Bei der Stadt Solingen hatte sich der Besuch Çavusoglus schon seit einigen Tagen angekündigt. Wobei sich diese ersten Zeichen am Montag quasi zu einer Gewissheit verdichteten. "Der türkische Außenminister ist von der nordrhein-westfälischen Landesregierung anlässlich des 25. Jahrestages nach Düsseldorf zu einer Veranstaltung eingeladen worden", sagte die Rathaus-Sprecherin.

"Und da war es dann wohl eine Frage der praktischen Erwägung der türkischen Seite, den Minister auch in Solingen auftreten zu lassen", hieß es aus der Stadtverwaltung, die betonte, sich ihrerseits keineswegs "aktiv" um einen Besuch Çavusoglus in der Klingenstadt bemüht zu haben. Gleichwohl sei es bislang immer üblich gewesen, bei den Gedenkveranstaltungen zu Ehren der von vier Rechtsradikalen ermordeten Opfer einen Vertreter der türkischen Regierung in Solingen zu begrüßen.

Man werde die türkische Seite nun bitten, den Text der Ansprache, die der Außenminister halte, vorab übermittelt zu bekommen, teilte die Stadt am Montag mit. Diese hänge damit zusammen, dass man die Rede Mevlüt Çavusoglus ins Deutsche übersetzen wolle, um sie dann in Form einer Broschüre zusammen mit den weiteren Ansprachen bei der Gedenkfeier verteilen zu können.

In der Solinger Politik herrscht derweil die Hoffnung, dass die Feierlichkeiten zum 25. Jahrestag des Brandanschlages nicht von innenpolitischen Auseinandersetzungen in der Türkei überschattet werden, sondern einen würdigen Rahmen der Erinnerung abgeben. "Ich gehe davon aus, dass der Außenminister keine Wahlkampfrede hält", sagte beispielsweise FDP-Fraktionschef Ulrich G. Müller, dessen Partei auf jeden Fall an der Gedenkveranstaltung teilnehmen wird. Was auch für die BfS gilt, deren Fraktionssprecher Heinz Bender überdies die Bedeutung des Tages für die Stadt unterstrich.

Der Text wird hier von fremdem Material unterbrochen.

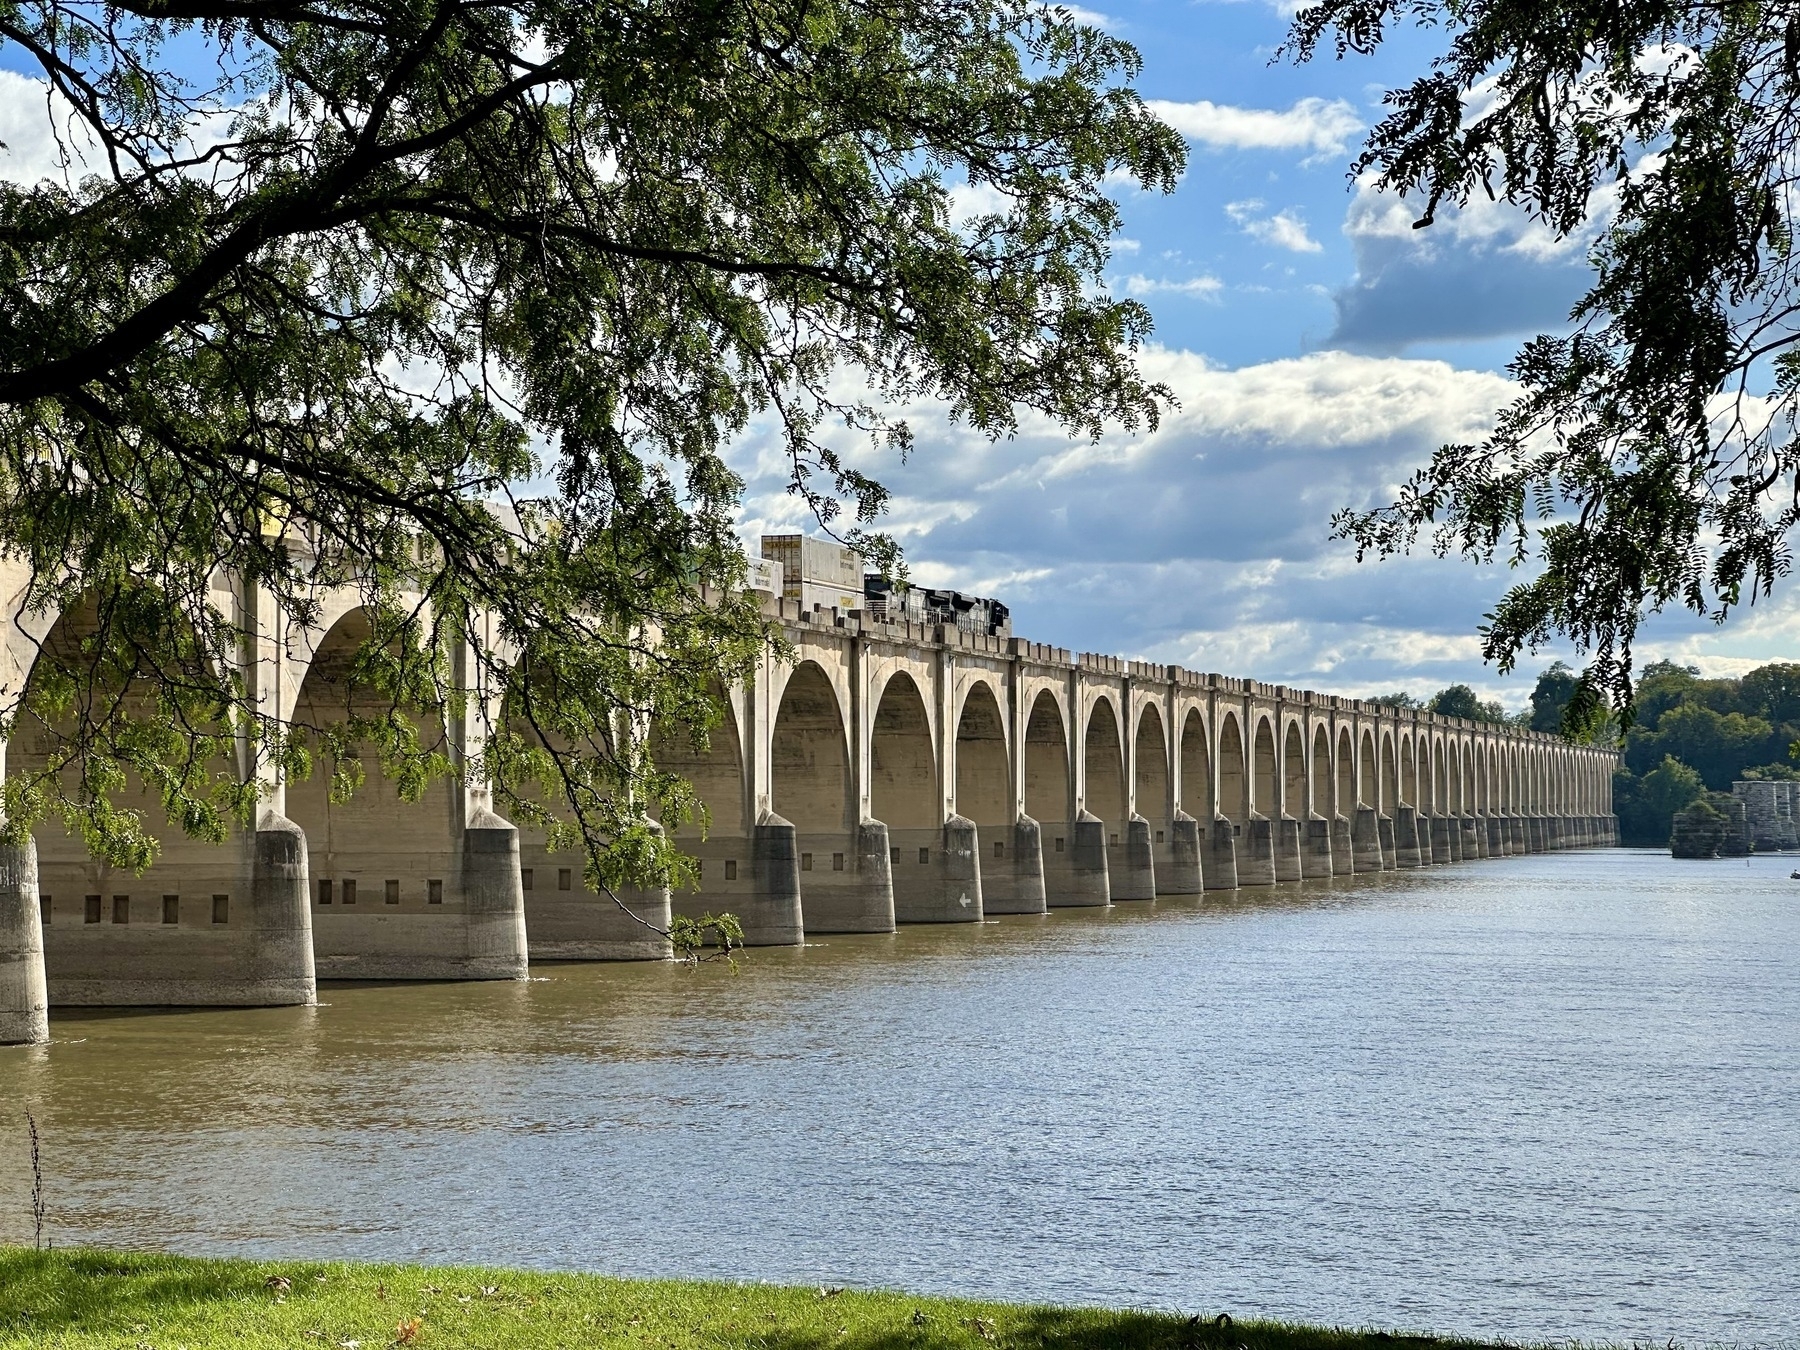 Train crossing the arch bridge over Riverfront Park and the Susquehanna River in Harrisburg Pennsylvania
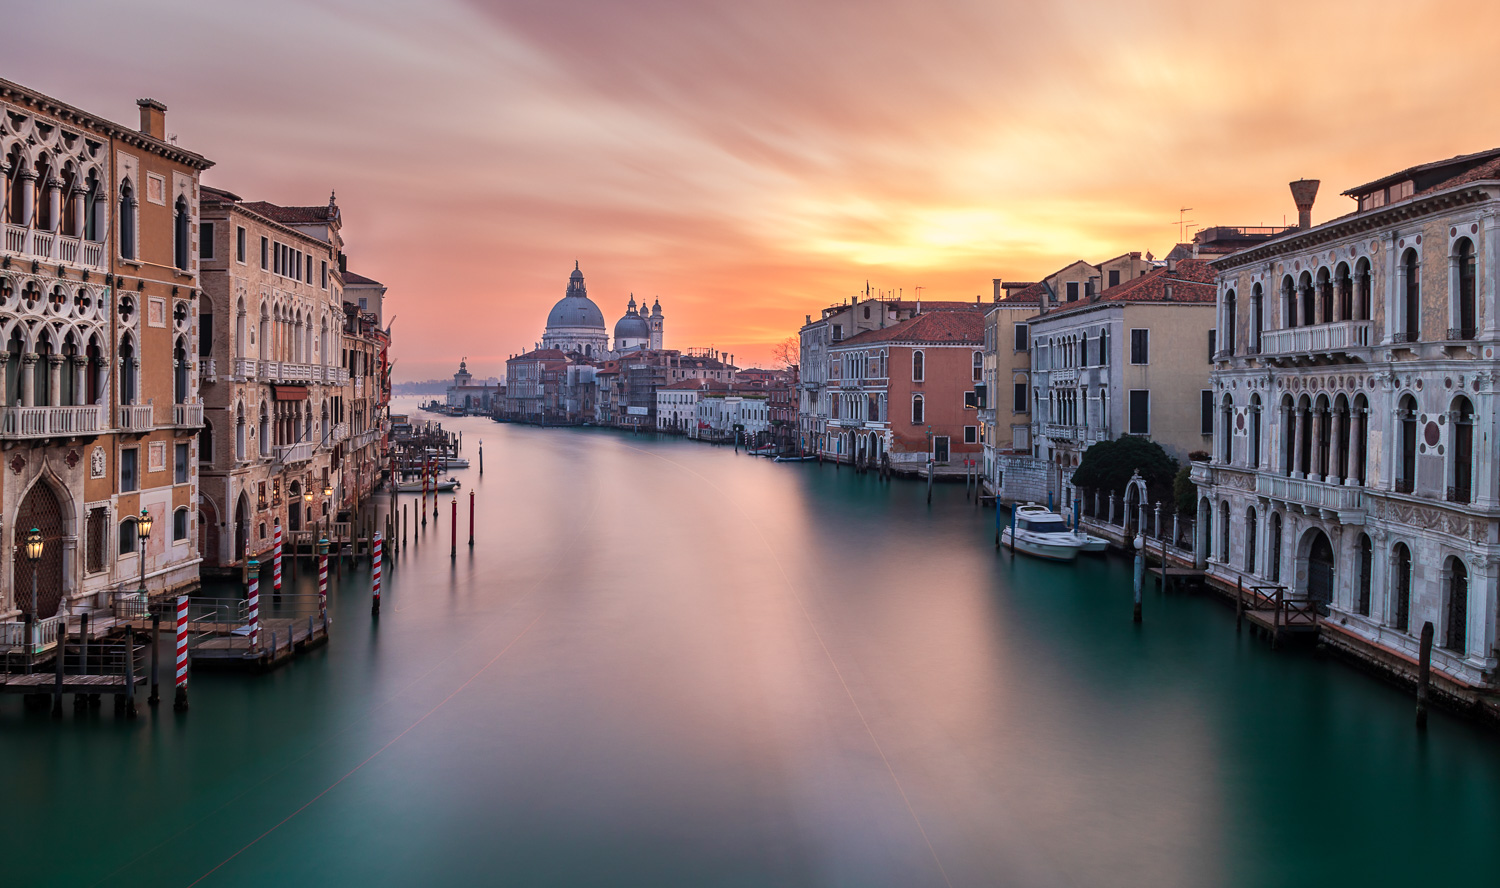 Sunrise over grand canal in Venice

Der Solinger SPD-Chef und Landtagsabgeordnete Josef Neumann formulierte wiederum die Erwartung, dass von dem Auftritt des Außenministers in der Klingenstadt ein "Signal der Versöhnung" ausgehe. Und der CDU-Bundestagsabgeordnete Jürgen Hardt appellierte ebenfalls an die türkische Regierung, "in diesem Geiste aufzutreten". Die Stadt Solingen, so der Christdemokrat in einer Stellungnahme, habe "eine würdige, nachdenkliche Form des Gedenkens vorgesehen". Jürgen Hardt: "Für türkischen Wahlkampf ist am 29. Mai in Solingen kein Platz."

Der türkische Präsident Recep Tayyip Erdogan hatte erst am Wochenende angekündigt, auch im Ausland Wahlkampf machen zu wollen. Frühere Auftritte türkischer Politiker in Deutschland waren auf teils scharfe Kritik gestoßen. In Solingen leben mehrere tausend Türken, die im Juni wahlberechtigt sind.